Here is the way I explained the situation back in September:
The situation arose following a Georgia police officer called Nathan Van Buren was caught taking a bribe to appear confidential data in a police record. The guy paying the bribe’d met a girl in a strip club and also wished to affirm that she wasn’t an undercover cop prior to following an sexual–and ironically commercial–connection with her.
Unfortunately for Van Buren, another guy was operating together with the FBI, which detained Van Buren and charged him with a violation of the CFAA. Prosecutors contended that Van Buren”exceeded authorized access” if he looked up info regarding the girl from the strip bar.
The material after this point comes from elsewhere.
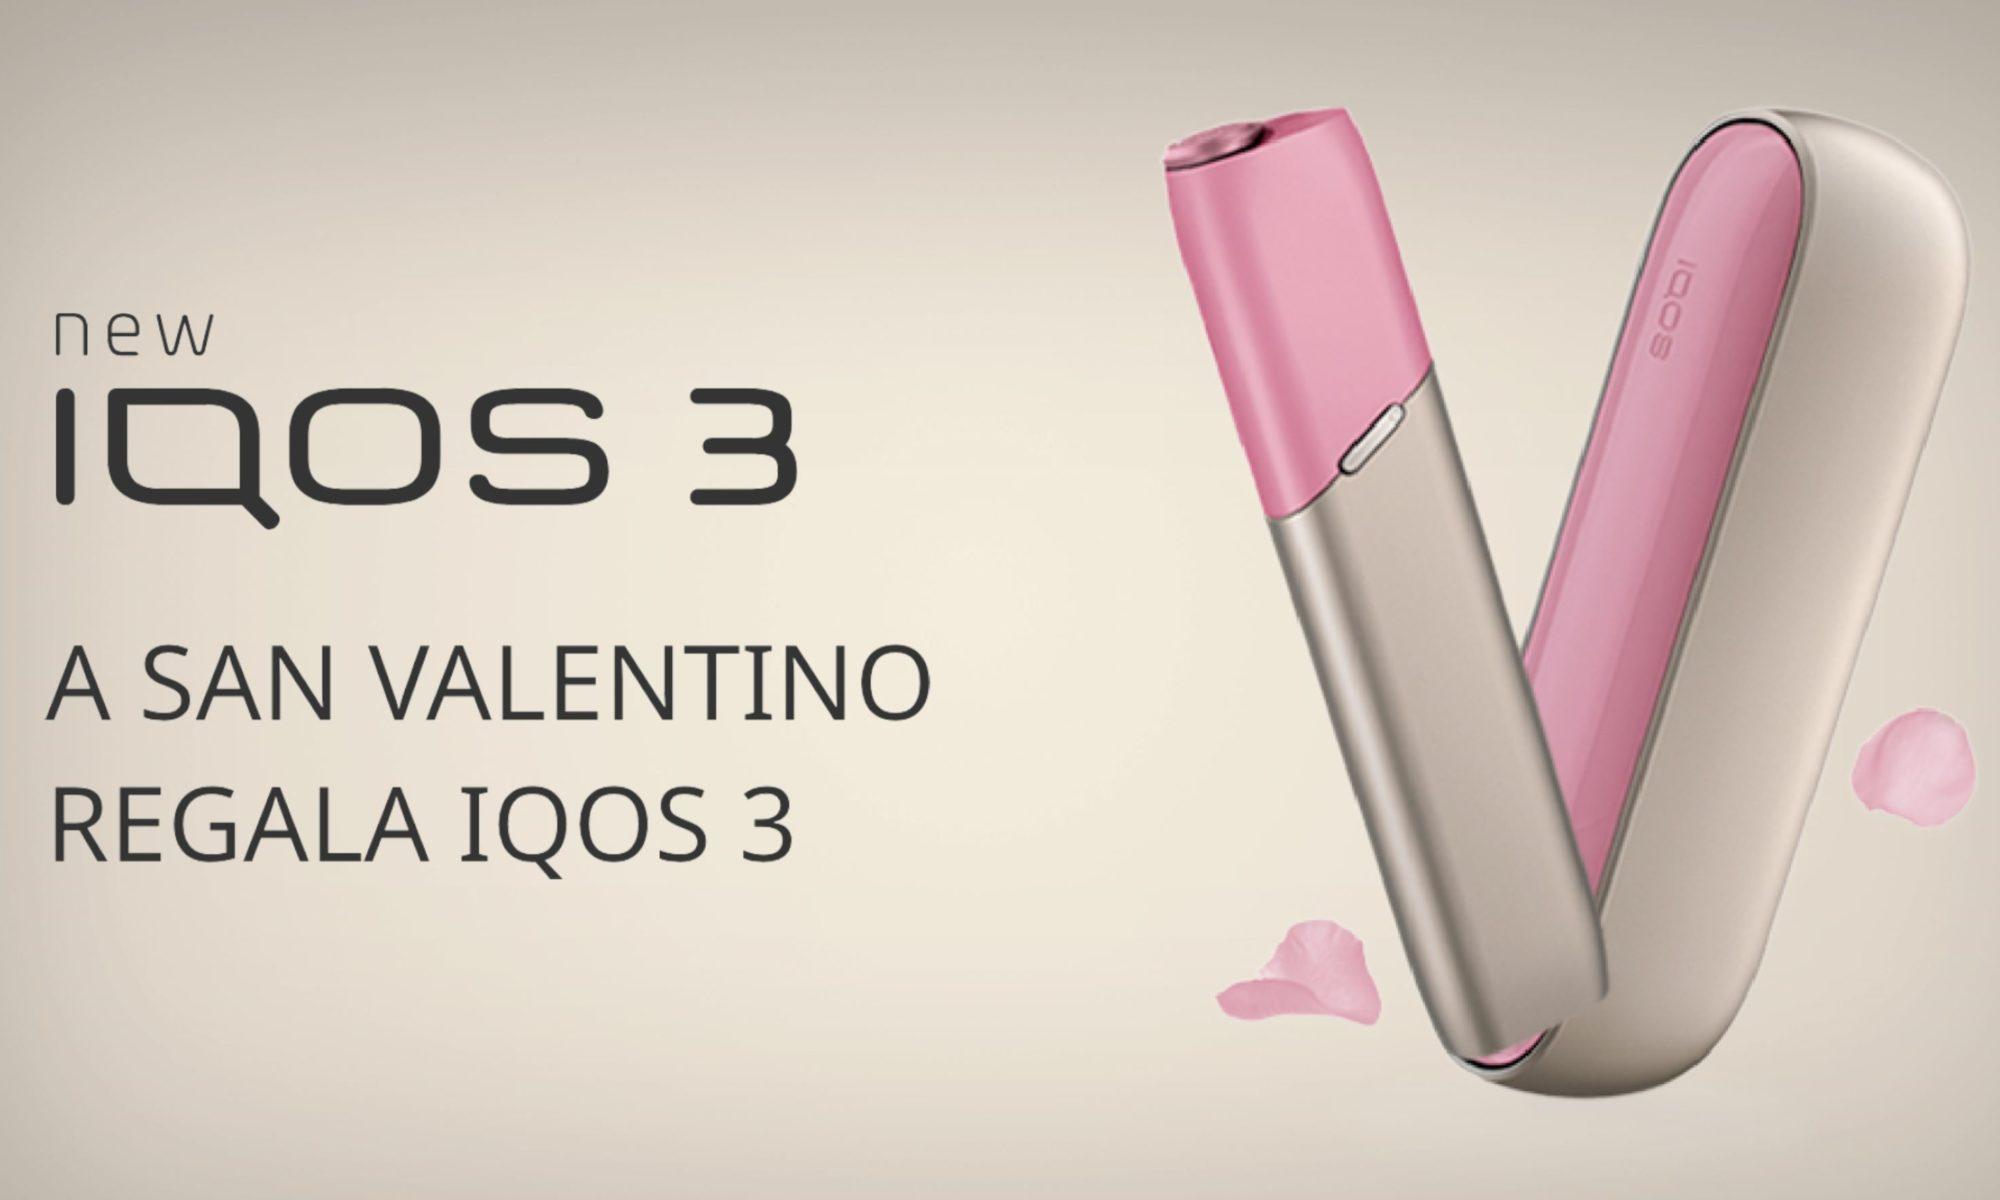 A San Valentino regala IQOS - l'idea regalo per veri innamorati

But attorneys for Van Buren contested. They contended that his authorities login credentials allowed him to get any information in the database. Offering confidential data in exchange for a bribe might have been against department policy and state legislation, they contended, but it did not”exceed authorized access” up to the CFAA goes.
Evidently, nobody will shield a cop allegedly accepting bribes to disclose confidential government data. However, the situation matters since the CFAA was invoked in prosecutions of much more sympathetic defendants. As an instance, prosecutors employed the CFAA into prosecute Aaron Swartz for scratching academic documents in the JSTOR database. In addition they prosecutied a little business that used automatic scraping applications to buy and store blocks of tickets in the TicketMaster site.